GTA: Gated Toxicity Avoidance for LM Performance Preservation
Caution: This paper includes offensive words that could potentially cause unpleasantness. The fast-paced evolution of generative language models such as GPT-4 has demonstrated outstanding results in various NLP generation tasks. However, due to the potential generation of offensive words related to race or gender, various Controllable Text Generation (CTG) methods have been proposed to mitigate the occurrence of harmful words. However, existing CTG methods not only reduce toxicity but also negatively impact several aspects of the language model's generation performance, including topic consistency, grammar, and perplexity.

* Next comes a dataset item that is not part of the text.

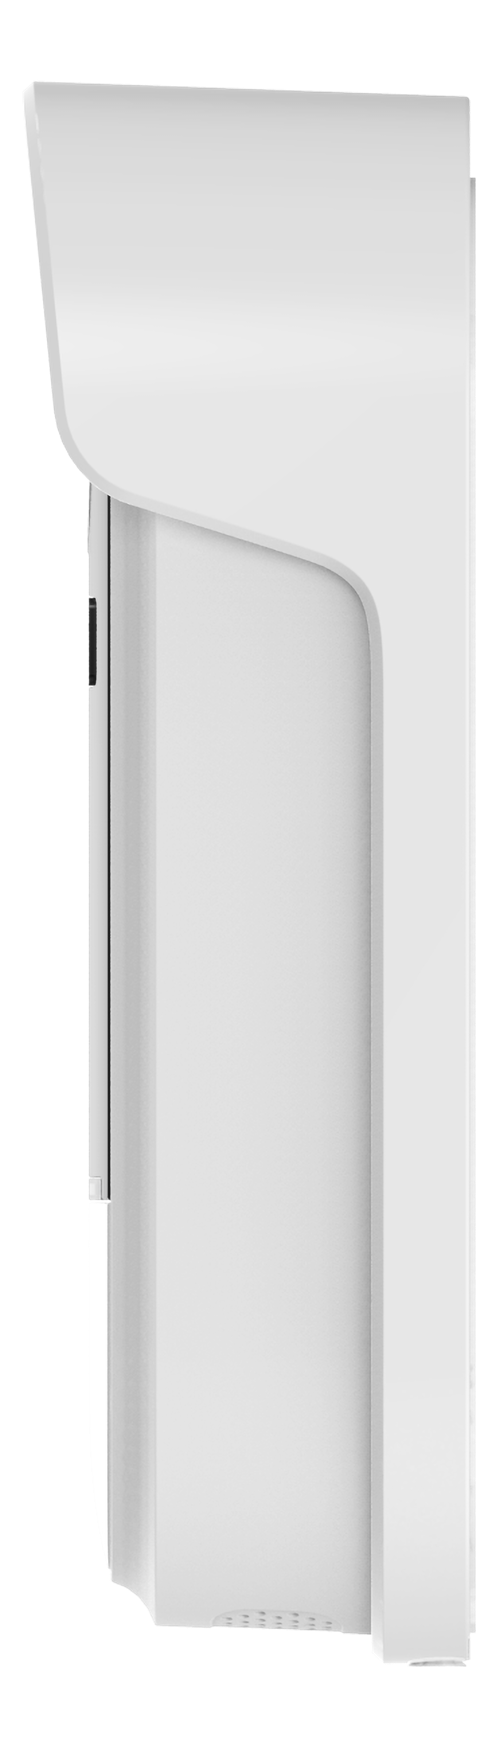 Deltaco Smart Home WiFi dørklokke med kamera, 1080p, IP65 værbestandig, hvit/svart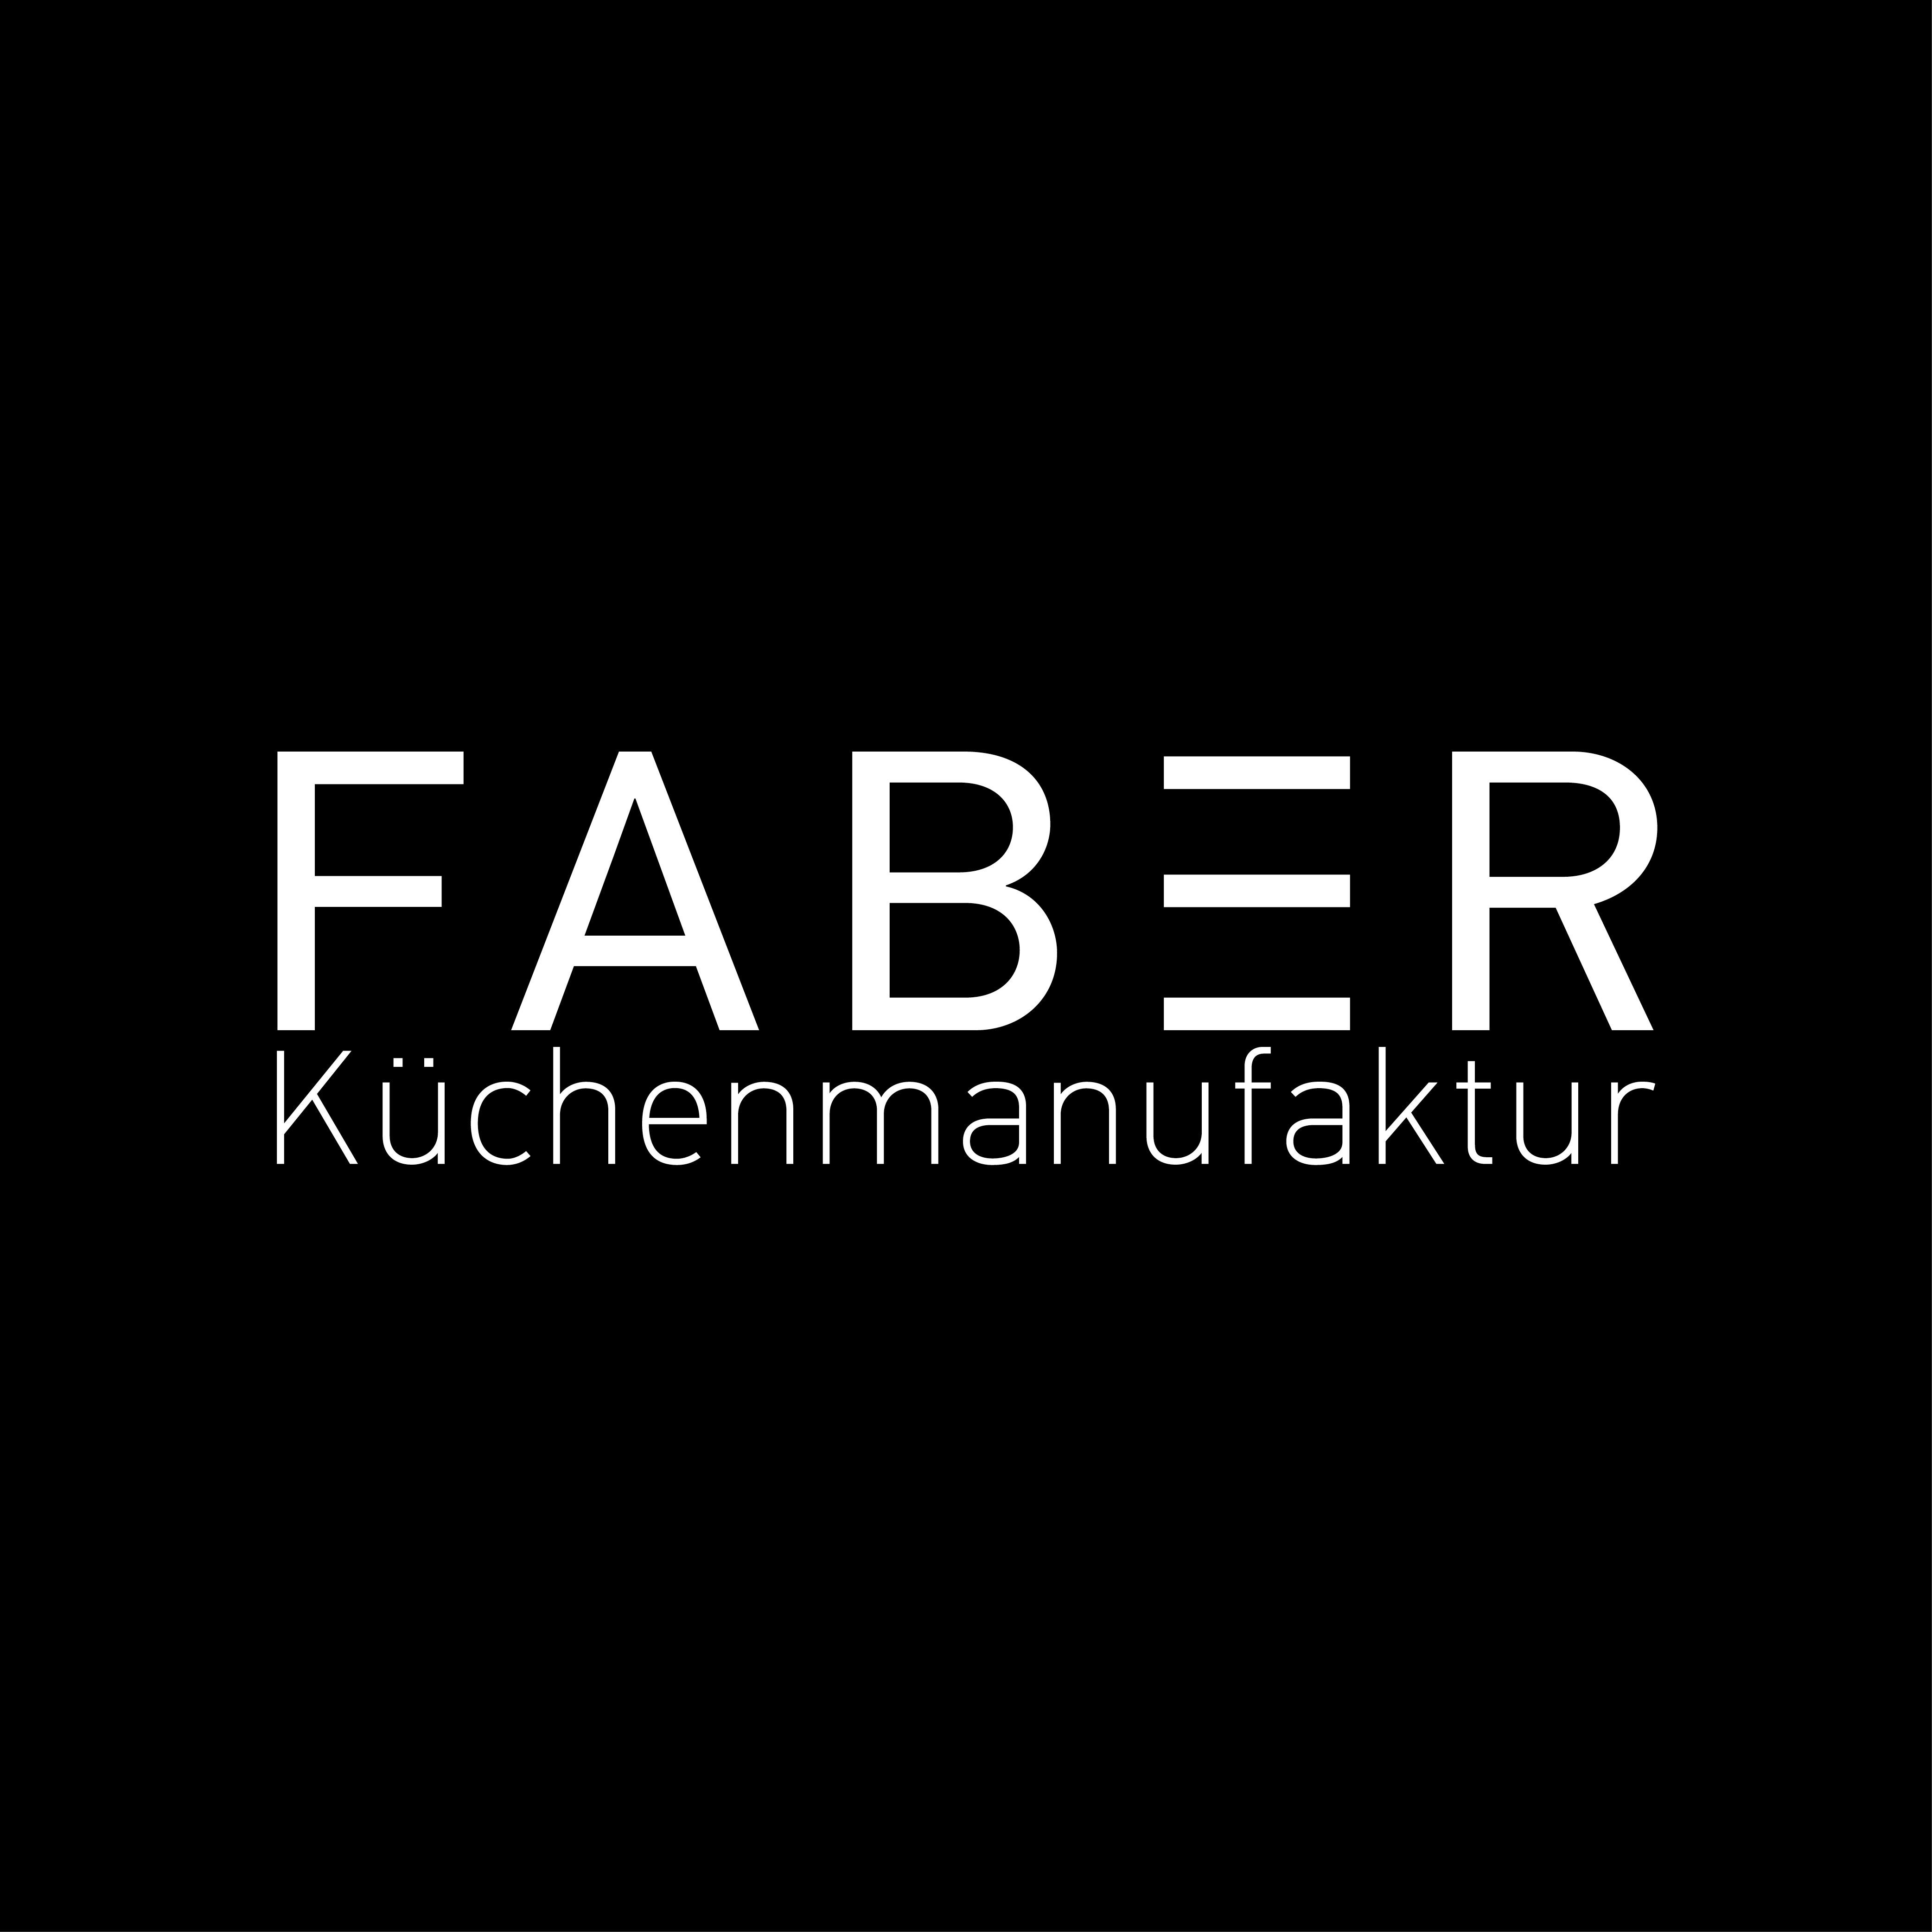 FABER Küchenmanufaktur GmbH in Flein - Logo

This paper explores the limitations of previous methods and introduces a novel solution in the form of a simple Gated Toxicity Avoidance (GTA) that can be applied to any CTG method. We also evaluate the effectiveness of the proposed GTA by comparing it with state-of-the-art CTG methods across various datasets. Our findings reveal that gated toxicity avoidance efficiently achieves comparable levels of toxicity reduction to the original CTG methods while preserving the generation performance of the language model.